LAWS(DLH)-1981-3-23

COMMISSIONER OF INCOME TAX Vs. BABURAM

Decided On March 19, 1981
COMMISSIONER OF INCOME TAX Appellant
V/S
BABURAM Respondents

JUDGEMENT

(1.) THE question referred to us in the present case is:

(2.) THE facts of the case show that the assessment year in question was 1959 -60. The assessee, who was a partner in the firm, Northern Steel and General Mills, had entered into an agreement with his own son, Pran Nath, by which the son was to receive a salary of Rs. 250 and certain other amounts for looking after the interests of the assessee in the firm. The reason for this agreement was that the assessee was physically not capable of rendering services, as could be expected of him, to the partnership and he had to engage somebody else to render those services. The amount which was paid to the son out of the assessee's share in the partnership business was claimed as a deduction from the taxable income. It was disallowed by the ITO on the ground that the payment was made for extra -commercial considerations. The total sum which was claimed as a deduction was Rs. 7,262. On appeal to the AAC, the entire sum was allowed. The ITO appealed to the Tribunal which came to the conclusion that there were two aspects of the payment received (to be considered): (1) the son was looking after the interests of the father in the partnership business, and (2) the son was doing something in the partnership firm on behalf of the assessee. The Tribunal had been referred to a judgment of the Madras High Court in Basantlal Gupta vs. CIT (1963) 50 ITR 541 (Mad), where a similar deduction had been completely disallowed and stated that, in their view, as there were two aspects of the payment received by the assessee's son, they would, on an estimate basis, allow half the amount.
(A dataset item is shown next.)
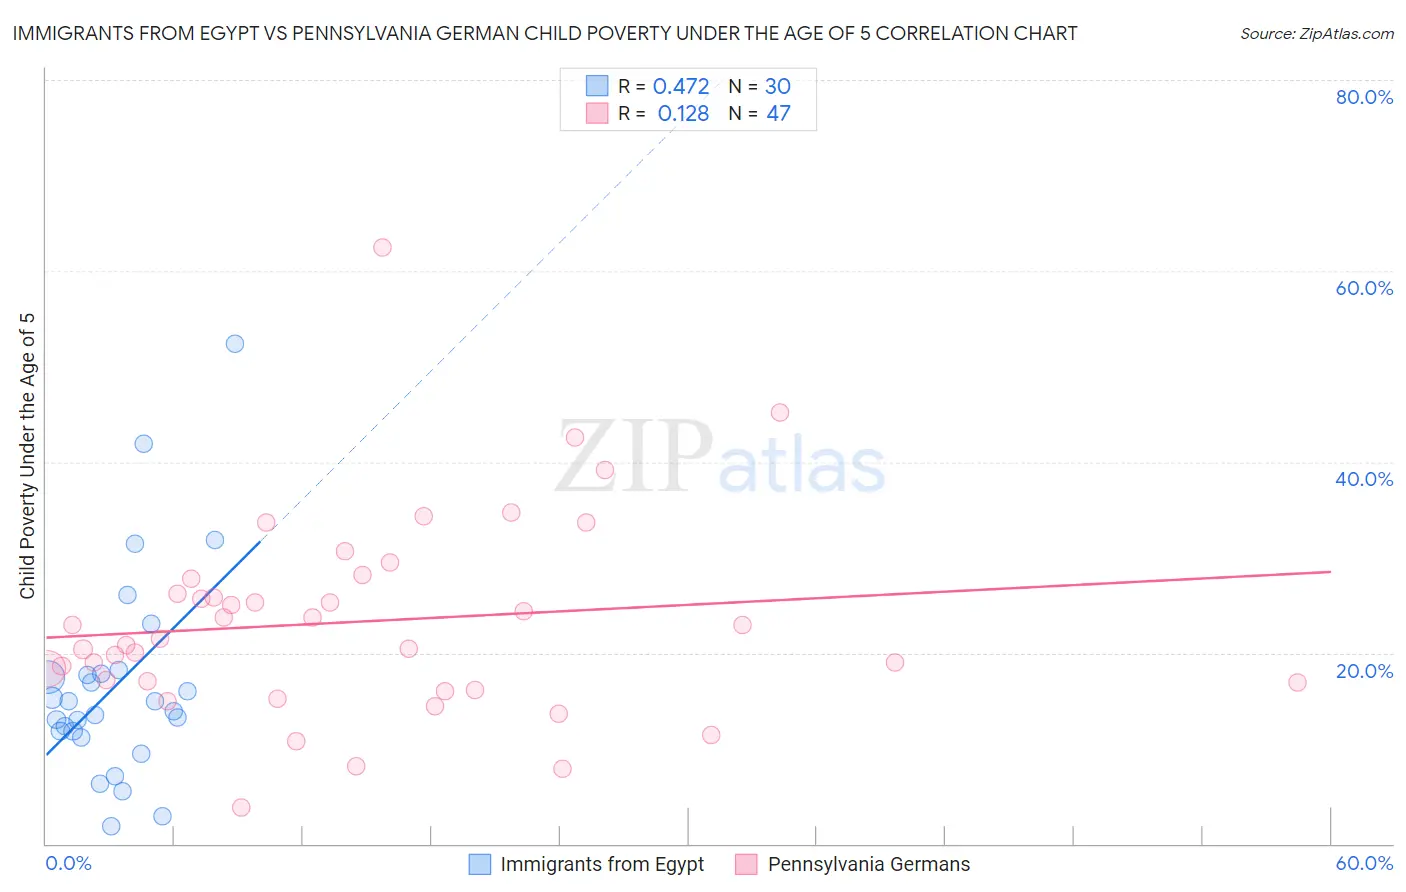 Immigrants from Egypt vs Pennsylvania German Child Poverty Under the Age of 5

That is how the question framed and referred to us states that Rs. 3,636.50 has been deducted from the assessee's share income.

(3.) TURNING now to the question referred to us, it has been urged by learned counsel for the CIT that the Tribunal was wrong in allowing even half the amount claimed as a deduction. The contention is that the entire amount was paid to the assessee's son for rendering services to the partnership business, and, therefore, it was not an allowable deduction as far as the assessee was concerned. Reliance is placed on the judgment of the Supreme Court in Jitmal Bhuramal vs. CIT (1962) 44 ITR 887 (SC), which is a case in which an HUF was represented in a partnership through its Karta and some junior members had been engaged by the Karta to render services on behalf of the family in the partnership firm. It was held that the deduction was not allowable as services were not being rendered to the HUF but to the partnership firm in which the HUF was represented through its Karta. We find that the said judgment is not to be applied to the facts of the present case where the assessee himself was incapacitated and had to get somebody to represent him. The present case is covered by a series of other decisions including some rendered by this High Court showing that the expenses incurred by a partner in earning his income from a partnership business are allowable deductions. There are also lots of other cases in which other types of deductions have been upheld by the Courts in accordance with the partnership interest of an individual partner being treated as a business asset in his own hands. We now proceed to mention those cases wherein similar deductions have been allowed as claimed by the assessee in the present case. Those cases are: CIT vs. Ramniklal Kothari (1969)74 ITR 57 (SC), decided by the Supreme Court, CIT vs. Ganpat Rai Jaggi and Co. (1972) 86 ITR 363 (Del) and CIT vs. Sohan Lal Nayyar (1974) 95 ITR 90 (Del), decided by this High Court and CIT vs. V. Kaithan (1972) 85 ITR 14 (Mad), decided by the Madras High Court. In view of the fact that it is well settled that allowances normally allowed against business income can also be claimed against the share of a partner from a partnership business, it only remains to be seen whether, in the present case, there is a distinction between the facts of this case and the facts of the Madras case relied upon by the Tribunal.